Segundo nota técnica do Instituto Socioambiental (ISA), o caso de Piaçaguera não é o único. São mais de 9 milhões de hectares de terras indígenas em situações de risco, que podem não ser demarcadas devido a 42 projetos de infraestrutura e outros 193 processos relativos a mineração previstos para áreas em que estão localizadas 46 terras indígenas que ainda não foram homologadas.
 
Ao excluírem a participação social e a transparência em projetos de impacto socioambiental, alterações propostas no Projeto de Lei (PL) do Licenciamento Ambiental (3729/2004), discutido na Câmara, e Projeto de Lei do Senado 168/2018,   ameaçam diretamente o processo de demarcação de 223 terras indígenas, que sofrem com a demora na homologação de seus terrenos pelo Governo Temer.
 
Manobra jurídica
 
O  jurista Dalmo Dallari escreveu um parecer sobre o processo da aldeia de Piaçaguera e, em entrevista ao Brasil de Fato, assegura que a participação dos Estados em processos demarcatórios de áreas indígenas não está prevista em nenhum dispositivo constitucional, direta ou indiretamente. 
 
“Isso não tem nenhum fundamento constitucional.

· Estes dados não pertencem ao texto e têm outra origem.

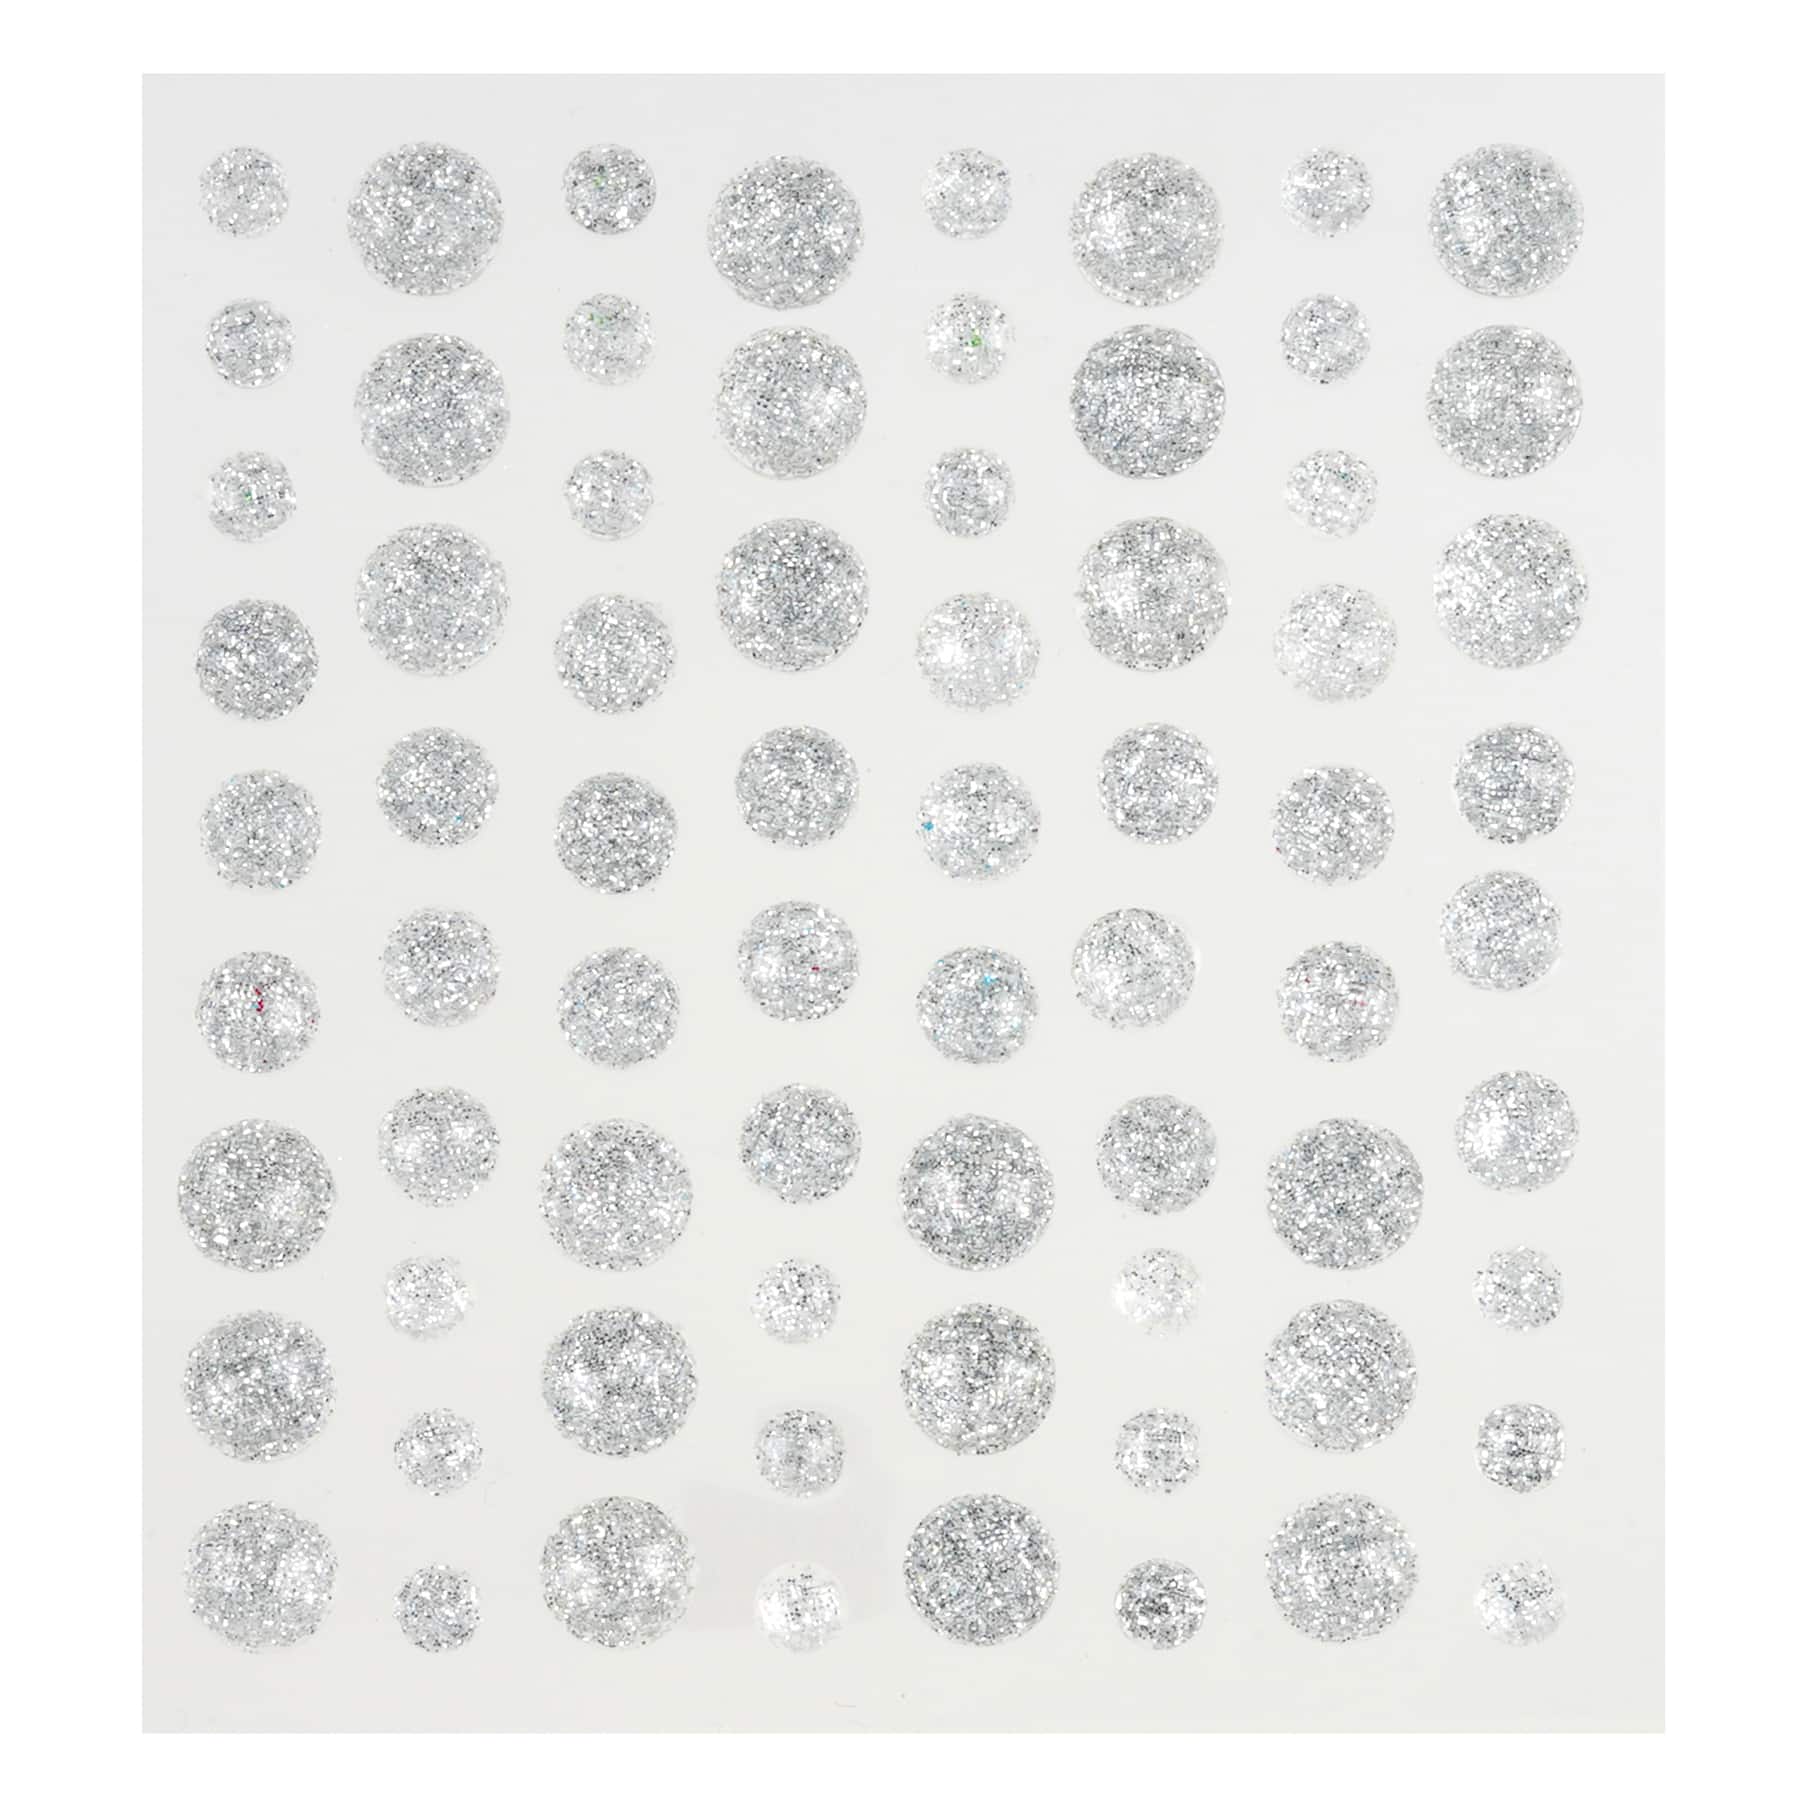 12 Packs: 72 ct. (864 total) Glitter Rhinestone Stickers by Recollections&#x2122;

Eu insisto nisso. Eu realmente examinei os pormenores da Constituição Federal, examinei a legislação sobre demarcação. Em nenhum lugar está prevista a participação dos Estados. Então, realmente não é um problema jurídico, é um falso problema jurídico que está sendo levantado”, declara. “Recorreram a isso como uma tentativa de enganar, porque realmente não encontraram nenhum argumento válido e inventaram esse, que não tem base jurídica”, complementa Dallari.
 
Na visão do professor emérito da Faculdade de Direito da Universidade de São Paulo (USP), o ministro Celso de Mello concedeu a Medida Cautelar devido a alta demanda de trabalho do STF. Ela acredita que a decisão final do Mandado de Segurança, após análise dos detalhes do processo, irá contra o argumento apresentado. “Eu acho que a perspectiva é de manter o que foi feito em favor dos índios, é um direito constitucional", disse Dalmo Dallari.
 
Preocupado com a situação, Hernani busca estratégias de mobilização junto aos demais indígenas de sua aldeia para reverter qualquer situação que viole seus direitos. “O que a gente tem de melhor é mostrar nossa cultura, nossa tradição, a gente acredita nisso. A terra para nós é sagrada. Então, acreditamos que tudo vai dar certo, mas nada é fácil, pra tudo tem uma luta”, disse o cacique.
 
Ainda não há data marcada para análise do Mandado de Segurança no STF e a homologação segue suspensa.